More college students in the United States are having difficulty finding stable housing.
About 43% of students at four-year universities experienced housing insecurity in 2020, according to a survey by Temple University.
At the same time, more seniors are struggling to make ends meet, and one in four adults over the age of 60 live alone.
So, with the younger and older generations on the hook, why not get them to live together?
It’s not a new concept, but it hasn’t been widely investigated or normalized in the US, but the trend is picking up globally, and a couple of US programs are gaining momentum, including one in Southern California called HomeShare OC.
Natalie Hu, 19, participant. She attends Irvine Valley College and studies Psychology.
“I pay $300 a month for my room, which is a very reasonable price for me,” she says.
He lives with his landlady, Arlene Casemiro, an 89-year-old long-time widow in Dana Point, California.
“I don’t hate Nathalie at all,” says Casemiro. “She’s such a sweet, fun person and gets along with me when she’s in and out, which is good to know.”
Carrie Buck, executive director of Homeless Intervention Services in Orange County, says the success of these roommates seems similar to others she’s met since she started HomeShare OC just before COVID-19 began.
The pandemic slowed her efforts at first, but now she’s seeing more interest in the program. Rental students pay a maximum of $500 per month.
Students and homeowners sign up online and then Buck contacts both parties to begin working on the relationship.
“It takes a lot of trust to actually move in together. This is where our job really comes in to find out what each other’s interests are and then start the matching process,” she says. “And then we introduce them to each other over the phone and through Zoom and then in person, and then they finally make that decision if they’re going to move in together.”
Most of what is known about the benefits of programs like these is anecdotal.
Ho, for example, says she’s always wanted to live on the beach and was able to check that off her list of things to have this season by moving in with Casimiro. The cost savings were also a life saver. Other rooms to rent nearby usually cost four or five times as much.
“I don’t feel like I’m missing out on anything as a college student by doing it, because it doesn’t stop me from, like, going out…to parties,” Ho says. “He didn’t hold me back from anything except student debt.”
In addition to the cost savings, another benefit is companionship. It is increasingly being enjoyed by seniors who live alone, Buck says, as are college students.
“Our college students experience a lot of loneliness when they go to college, go to school,” Buck says. “You don’t necessarily think about it, but that was really a major driver in getting students involved with us.”
On the flip side, there are some downsides.
Ernest Gonzalez, director of the Center for Health and Aging Innovation at New York University, runs a similar program on the East Coast. He says one of the pitfalls is ageism when it comes to recruiting senior citizens.

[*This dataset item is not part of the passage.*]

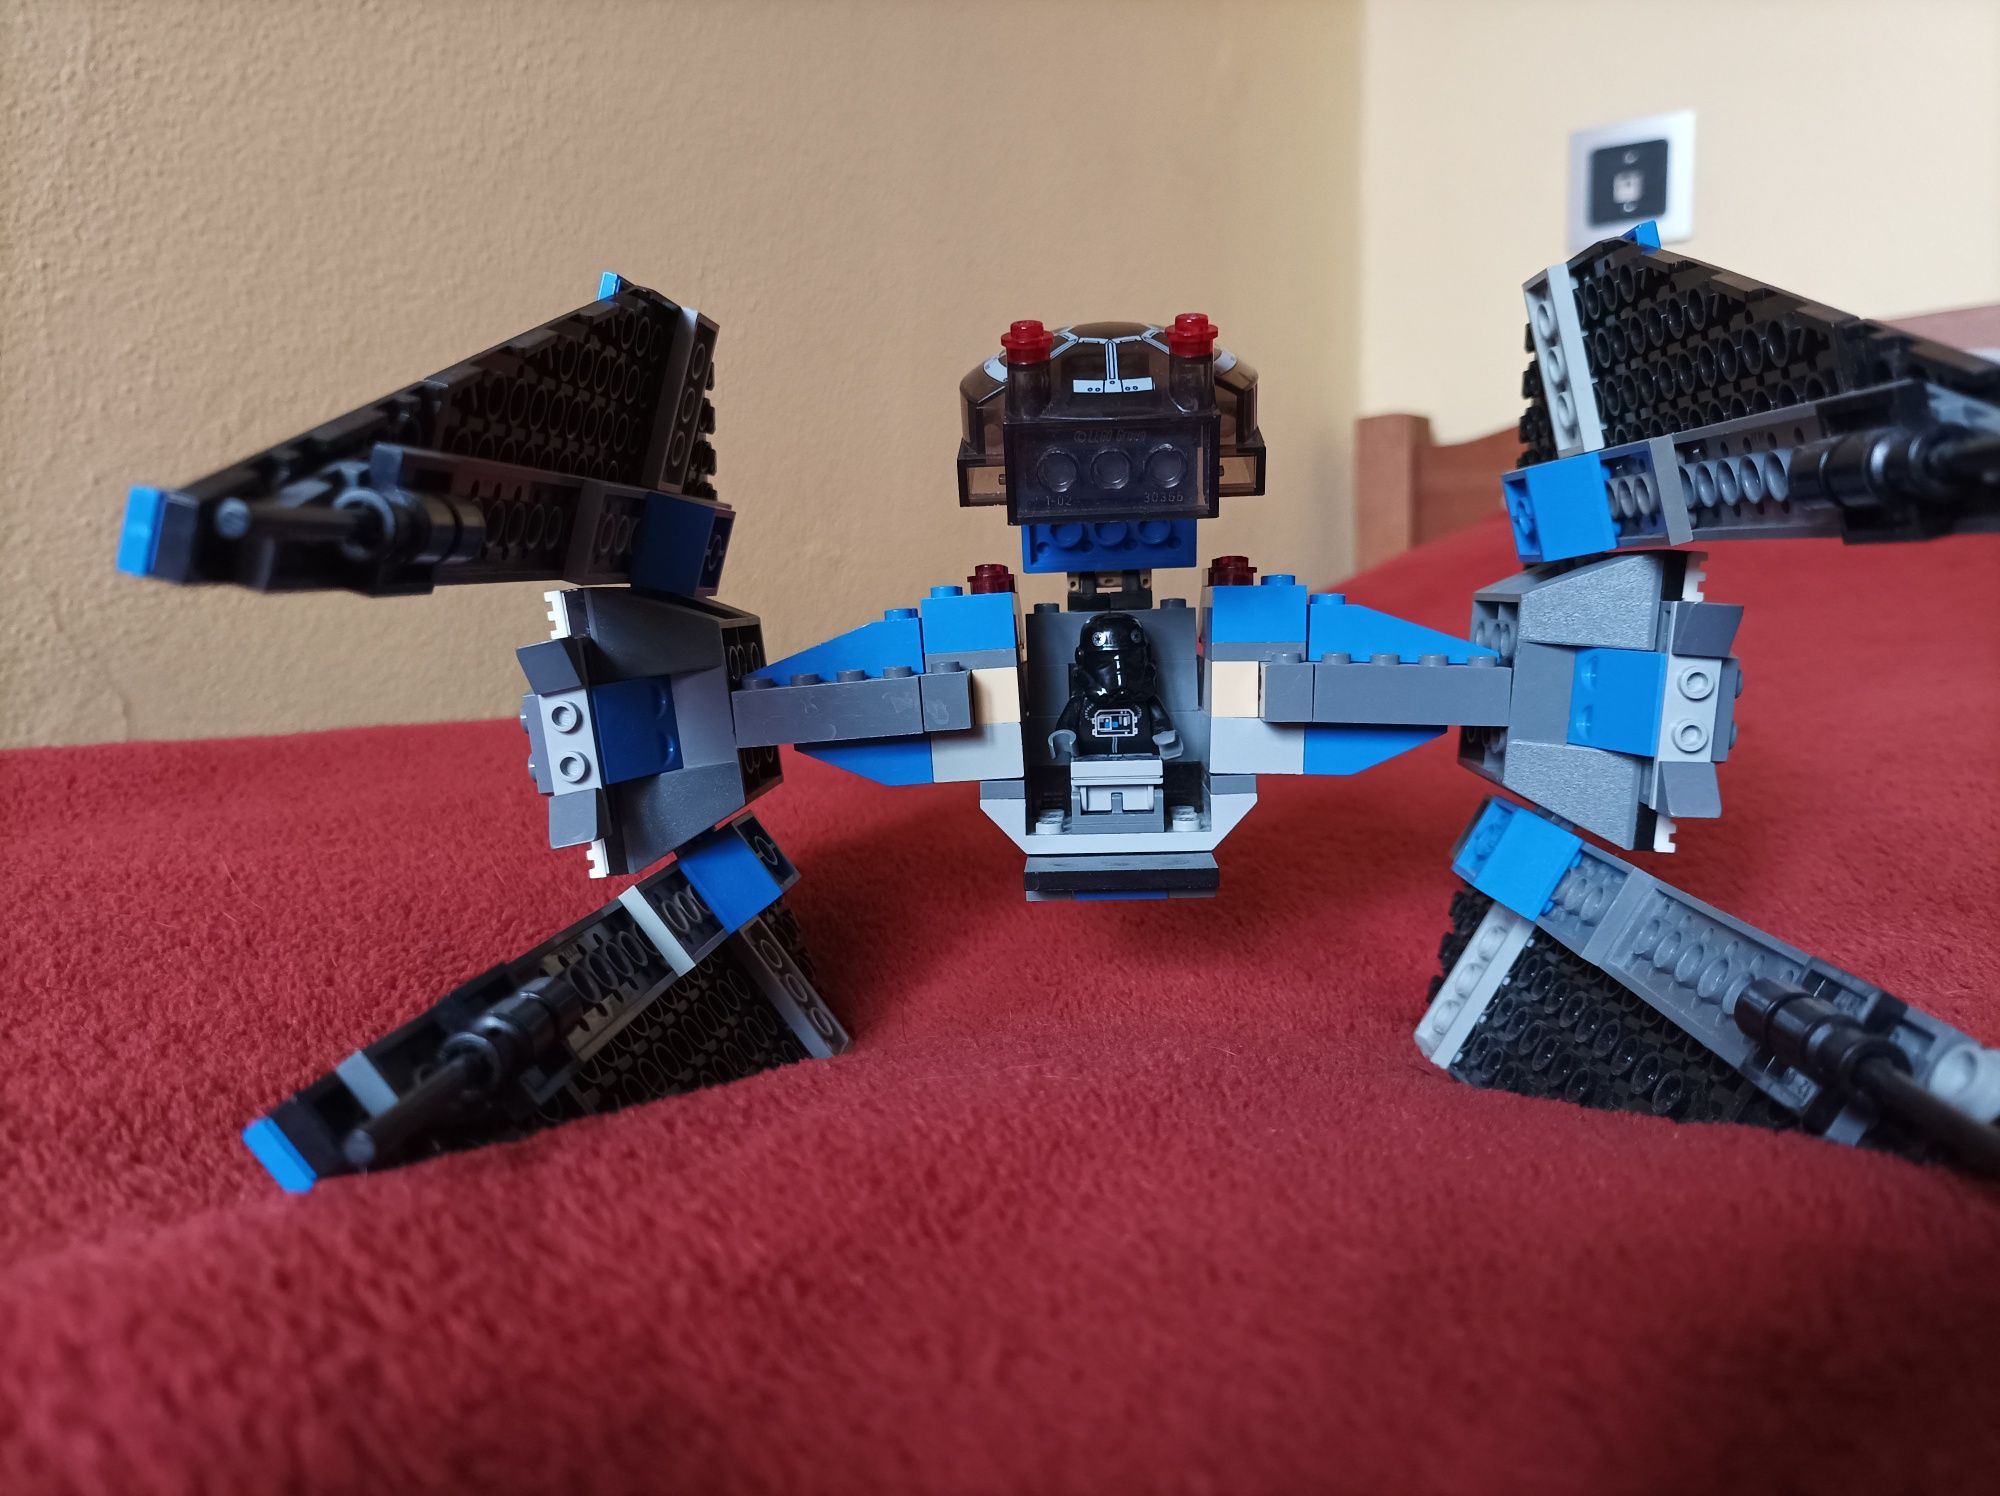 LEGO Star Wars 6206 TIE Interceptor Fighter, okazja !
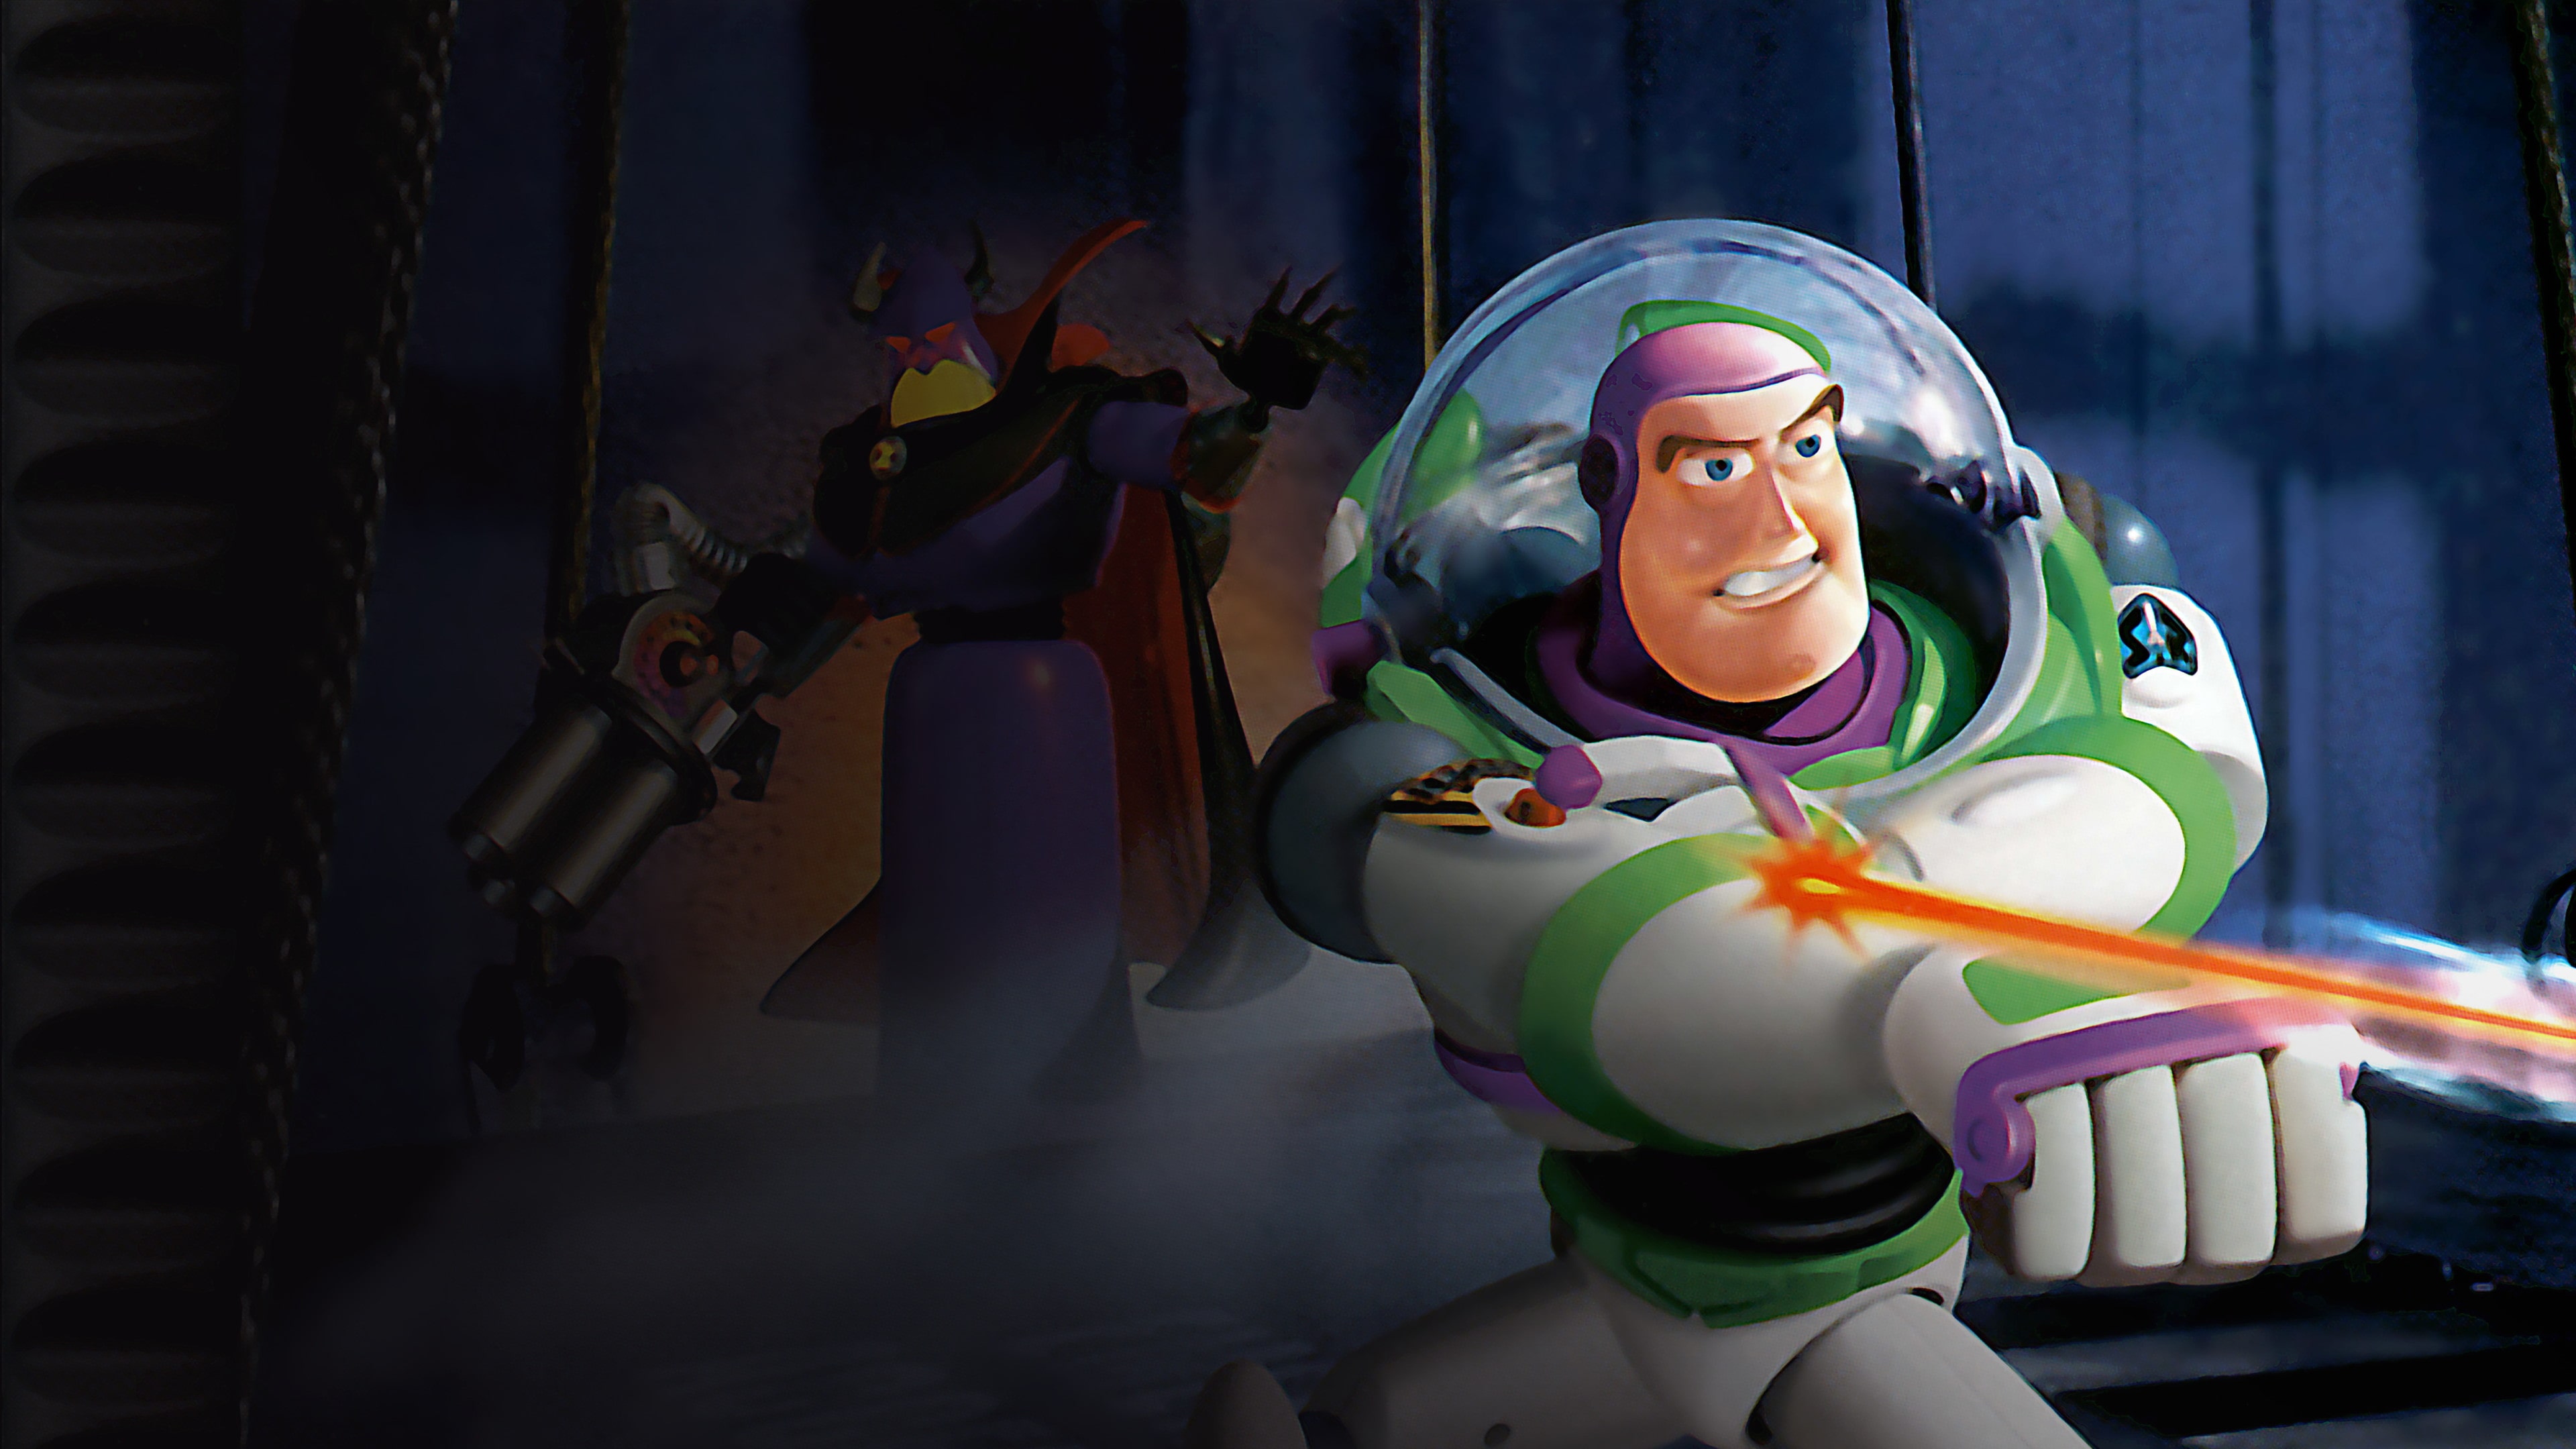 Disney•Pixar Toy Story 2: Buzz Lightyear to the Rescue!

“The good news is we have hundreds of students who are interested in the program,” says Gonzalez. “The bad news is that not many seniors are aware of this opportunity, or have reservations of their own about having a roommate, however, a younger roommate.”
Gonzalez says he’s been watching the ratio for some time and it appears that for each student interested in the program, they would need approximately 15 seniors to maximize a match based on preferences such as location, pets and smoking. But until now, this has been difficult to achieve.
Buck says her program faces similar challenges.
“But we’re also having some success with one-on-one conversations, going out into the community and talking to different groups like women’s clubs, Rotarians, Kiwanis clubs, all those different groups that we encounter and talk to,” she adds. . “We will usually find one or two people… who are interested.”
Gonzalez also says public politics have been a barrier.
“there [are] A large number of low-income seniors who could benefit from this program, but live in public housing and/or on public benefits that are income-tested and dependent.” “Receiving income from a graduate student in exchange for shared housing may result in Endangering eligibility to receive public benefits. So we are careful during the recruitment process.”
It wasn’t much of an issue in Orange County, Buck says, but they have one homeowner with a reverse mortgage and aren’t allowed to charge rent.
It ends up doing well, she says, because college students also provide 5 hours of time each week for the homeowner as part of their stay. They help with tasks like watering the plants, running to the grocery store, or walking the dog.
“They negotiate about it,” she says.
Southern California is one of the most expensive places to live in the United States, and homelessness is a significant and growing problem. Buck says that reality makes solutions such as home sharing seem more urgent.
“I think it’s very urgent. During the pandemic, at our local college, which is very close to our city, the security guards actually opened up a parking lot at the university so students who were homeless could stay in their cars and be safe.” Now on the increase because all our benefits have now vanished.”
In the past few weeks, Buck says, the program has gone from having 100 people a month seeking shelter to about 400.
“It’s really astronomical,” she says. “At the moment, we cannot accommodate the needs of college students who contact us. So it’s absolutely imperative that we go out and talk to our homeowners and reach out to them, reach out to them and talk about the huge need that we have that they can help with and help get these college students to a safe place that they can finish college.”
Ashley Locke produced and edited this interview for broadcast with Gabe Pollard. Locke has adapted it for the web.